**About this exercise**
Only these lines of the data below are wanted: the one with "Almond blossoms in Modesto, California", the one with "Il Millennium o", and any lines between them, each repeated exactly.

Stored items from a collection
=== Begin Enclosure ===
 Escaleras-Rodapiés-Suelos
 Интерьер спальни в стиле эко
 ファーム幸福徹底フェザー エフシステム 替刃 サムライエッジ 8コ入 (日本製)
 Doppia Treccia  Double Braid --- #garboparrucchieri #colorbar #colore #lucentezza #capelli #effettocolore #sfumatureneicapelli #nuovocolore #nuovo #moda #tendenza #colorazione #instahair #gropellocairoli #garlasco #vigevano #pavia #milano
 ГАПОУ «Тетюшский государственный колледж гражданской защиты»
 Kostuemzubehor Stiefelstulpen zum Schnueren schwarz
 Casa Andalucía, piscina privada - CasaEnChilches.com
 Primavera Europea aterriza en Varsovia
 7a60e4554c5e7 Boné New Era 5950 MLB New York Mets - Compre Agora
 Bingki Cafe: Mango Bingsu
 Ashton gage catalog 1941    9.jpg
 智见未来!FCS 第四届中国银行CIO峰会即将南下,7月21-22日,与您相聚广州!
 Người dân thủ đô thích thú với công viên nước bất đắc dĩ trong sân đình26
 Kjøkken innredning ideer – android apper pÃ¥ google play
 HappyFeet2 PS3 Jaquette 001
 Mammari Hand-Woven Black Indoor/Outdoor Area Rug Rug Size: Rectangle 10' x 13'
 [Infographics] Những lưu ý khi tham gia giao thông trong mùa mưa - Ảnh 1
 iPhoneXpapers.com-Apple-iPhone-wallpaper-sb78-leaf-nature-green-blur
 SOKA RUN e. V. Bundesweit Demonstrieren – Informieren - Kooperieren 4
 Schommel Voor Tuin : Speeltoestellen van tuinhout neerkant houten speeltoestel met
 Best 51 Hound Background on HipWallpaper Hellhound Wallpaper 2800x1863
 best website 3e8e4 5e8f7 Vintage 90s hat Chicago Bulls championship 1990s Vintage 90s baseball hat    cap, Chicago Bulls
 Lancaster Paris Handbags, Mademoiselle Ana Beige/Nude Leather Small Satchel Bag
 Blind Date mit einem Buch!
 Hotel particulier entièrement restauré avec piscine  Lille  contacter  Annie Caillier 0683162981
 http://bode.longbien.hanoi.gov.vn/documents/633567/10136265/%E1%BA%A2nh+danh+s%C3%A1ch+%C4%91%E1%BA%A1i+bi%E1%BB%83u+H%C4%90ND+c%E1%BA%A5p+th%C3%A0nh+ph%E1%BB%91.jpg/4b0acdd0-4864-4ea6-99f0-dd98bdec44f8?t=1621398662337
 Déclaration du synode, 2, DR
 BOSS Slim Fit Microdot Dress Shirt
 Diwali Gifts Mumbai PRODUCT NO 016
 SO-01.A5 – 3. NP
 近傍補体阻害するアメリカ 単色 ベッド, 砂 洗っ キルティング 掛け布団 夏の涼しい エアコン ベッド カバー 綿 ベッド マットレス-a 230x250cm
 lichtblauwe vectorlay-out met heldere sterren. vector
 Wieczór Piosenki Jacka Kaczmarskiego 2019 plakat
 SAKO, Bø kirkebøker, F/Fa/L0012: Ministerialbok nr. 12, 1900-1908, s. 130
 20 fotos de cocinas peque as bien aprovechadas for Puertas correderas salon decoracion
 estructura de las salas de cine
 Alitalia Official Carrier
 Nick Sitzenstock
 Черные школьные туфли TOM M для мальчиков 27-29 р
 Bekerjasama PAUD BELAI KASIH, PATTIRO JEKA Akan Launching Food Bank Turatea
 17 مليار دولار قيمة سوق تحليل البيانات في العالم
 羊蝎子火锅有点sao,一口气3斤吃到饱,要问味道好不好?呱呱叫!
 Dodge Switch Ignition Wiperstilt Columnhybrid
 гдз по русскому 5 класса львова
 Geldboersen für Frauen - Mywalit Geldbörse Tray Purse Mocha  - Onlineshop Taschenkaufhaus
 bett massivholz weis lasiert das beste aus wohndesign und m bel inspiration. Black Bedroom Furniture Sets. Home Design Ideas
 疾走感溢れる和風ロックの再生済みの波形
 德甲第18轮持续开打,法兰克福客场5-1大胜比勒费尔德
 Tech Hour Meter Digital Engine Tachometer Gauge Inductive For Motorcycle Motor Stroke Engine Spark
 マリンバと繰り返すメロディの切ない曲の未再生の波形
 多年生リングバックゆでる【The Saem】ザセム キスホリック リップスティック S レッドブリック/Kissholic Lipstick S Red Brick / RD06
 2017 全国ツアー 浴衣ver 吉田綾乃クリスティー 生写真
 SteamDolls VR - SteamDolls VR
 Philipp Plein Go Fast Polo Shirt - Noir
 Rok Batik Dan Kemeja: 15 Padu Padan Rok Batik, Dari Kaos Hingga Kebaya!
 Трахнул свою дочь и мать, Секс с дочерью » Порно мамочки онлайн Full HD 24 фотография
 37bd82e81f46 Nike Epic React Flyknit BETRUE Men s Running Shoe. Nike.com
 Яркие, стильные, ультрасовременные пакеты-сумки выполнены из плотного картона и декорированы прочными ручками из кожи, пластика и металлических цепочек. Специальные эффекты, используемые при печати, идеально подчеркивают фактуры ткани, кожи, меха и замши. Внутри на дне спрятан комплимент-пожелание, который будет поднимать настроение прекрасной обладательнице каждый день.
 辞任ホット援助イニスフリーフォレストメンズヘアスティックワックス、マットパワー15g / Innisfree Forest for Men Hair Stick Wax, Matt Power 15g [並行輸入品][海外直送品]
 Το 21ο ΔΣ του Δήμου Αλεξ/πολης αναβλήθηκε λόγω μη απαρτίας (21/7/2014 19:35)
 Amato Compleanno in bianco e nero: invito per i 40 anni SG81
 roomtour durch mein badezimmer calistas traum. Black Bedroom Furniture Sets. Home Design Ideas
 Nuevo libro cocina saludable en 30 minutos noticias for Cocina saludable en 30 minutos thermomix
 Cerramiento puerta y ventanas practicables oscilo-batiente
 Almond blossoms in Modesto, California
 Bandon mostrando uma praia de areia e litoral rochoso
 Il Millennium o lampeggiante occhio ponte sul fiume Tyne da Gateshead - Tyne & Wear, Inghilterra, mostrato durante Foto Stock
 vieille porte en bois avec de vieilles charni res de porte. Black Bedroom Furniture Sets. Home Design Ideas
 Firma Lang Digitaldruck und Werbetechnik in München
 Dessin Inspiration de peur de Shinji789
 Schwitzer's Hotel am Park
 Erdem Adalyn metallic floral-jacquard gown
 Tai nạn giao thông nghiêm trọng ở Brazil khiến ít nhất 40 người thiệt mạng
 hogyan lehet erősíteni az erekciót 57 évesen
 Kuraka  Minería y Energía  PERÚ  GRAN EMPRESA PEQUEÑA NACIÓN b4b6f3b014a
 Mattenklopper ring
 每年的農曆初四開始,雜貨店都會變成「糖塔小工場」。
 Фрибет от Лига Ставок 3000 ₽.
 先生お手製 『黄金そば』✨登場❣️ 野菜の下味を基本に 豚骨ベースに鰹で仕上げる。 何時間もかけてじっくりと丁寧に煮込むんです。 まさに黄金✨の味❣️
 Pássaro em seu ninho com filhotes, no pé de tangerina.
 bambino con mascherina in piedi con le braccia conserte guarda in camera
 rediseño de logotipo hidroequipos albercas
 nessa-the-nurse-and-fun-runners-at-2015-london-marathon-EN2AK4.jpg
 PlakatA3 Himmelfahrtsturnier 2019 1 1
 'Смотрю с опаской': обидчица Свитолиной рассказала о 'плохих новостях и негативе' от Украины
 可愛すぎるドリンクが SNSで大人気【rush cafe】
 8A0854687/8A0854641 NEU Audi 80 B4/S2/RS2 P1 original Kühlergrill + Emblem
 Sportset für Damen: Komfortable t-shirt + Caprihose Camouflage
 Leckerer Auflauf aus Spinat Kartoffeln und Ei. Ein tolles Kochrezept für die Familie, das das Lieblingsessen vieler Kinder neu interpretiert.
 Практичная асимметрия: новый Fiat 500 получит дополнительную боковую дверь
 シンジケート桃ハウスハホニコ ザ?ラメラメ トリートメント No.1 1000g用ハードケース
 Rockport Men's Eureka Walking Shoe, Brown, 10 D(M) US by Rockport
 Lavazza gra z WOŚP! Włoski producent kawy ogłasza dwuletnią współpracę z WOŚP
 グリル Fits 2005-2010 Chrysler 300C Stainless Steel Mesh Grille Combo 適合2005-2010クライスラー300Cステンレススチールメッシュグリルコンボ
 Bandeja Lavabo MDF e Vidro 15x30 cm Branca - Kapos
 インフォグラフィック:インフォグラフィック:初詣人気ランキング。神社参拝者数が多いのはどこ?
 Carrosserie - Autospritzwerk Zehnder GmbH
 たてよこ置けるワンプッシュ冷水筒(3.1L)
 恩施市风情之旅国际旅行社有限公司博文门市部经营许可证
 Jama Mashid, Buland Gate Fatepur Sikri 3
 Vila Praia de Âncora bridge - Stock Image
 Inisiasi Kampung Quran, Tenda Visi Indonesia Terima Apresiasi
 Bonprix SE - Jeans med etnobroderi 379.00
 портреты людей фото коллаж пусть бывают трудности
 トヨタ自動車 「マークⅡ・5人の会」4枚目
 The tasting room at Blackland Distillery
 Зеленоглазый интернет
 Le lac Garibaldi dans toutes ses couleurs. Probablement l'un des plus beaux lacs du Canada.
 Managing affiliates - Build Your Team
=== End Enclosure ===
**Answer space**
 Almond blossoms in Modesto, California
 Bandon mostrando uma praia de areia e litoral rochoso
 Il Millennium o lampeggiante occhio ponte sul fiume Tyne da Gateshead - Tyne & Wear, Inghilterra, mostrato durante Foto Stock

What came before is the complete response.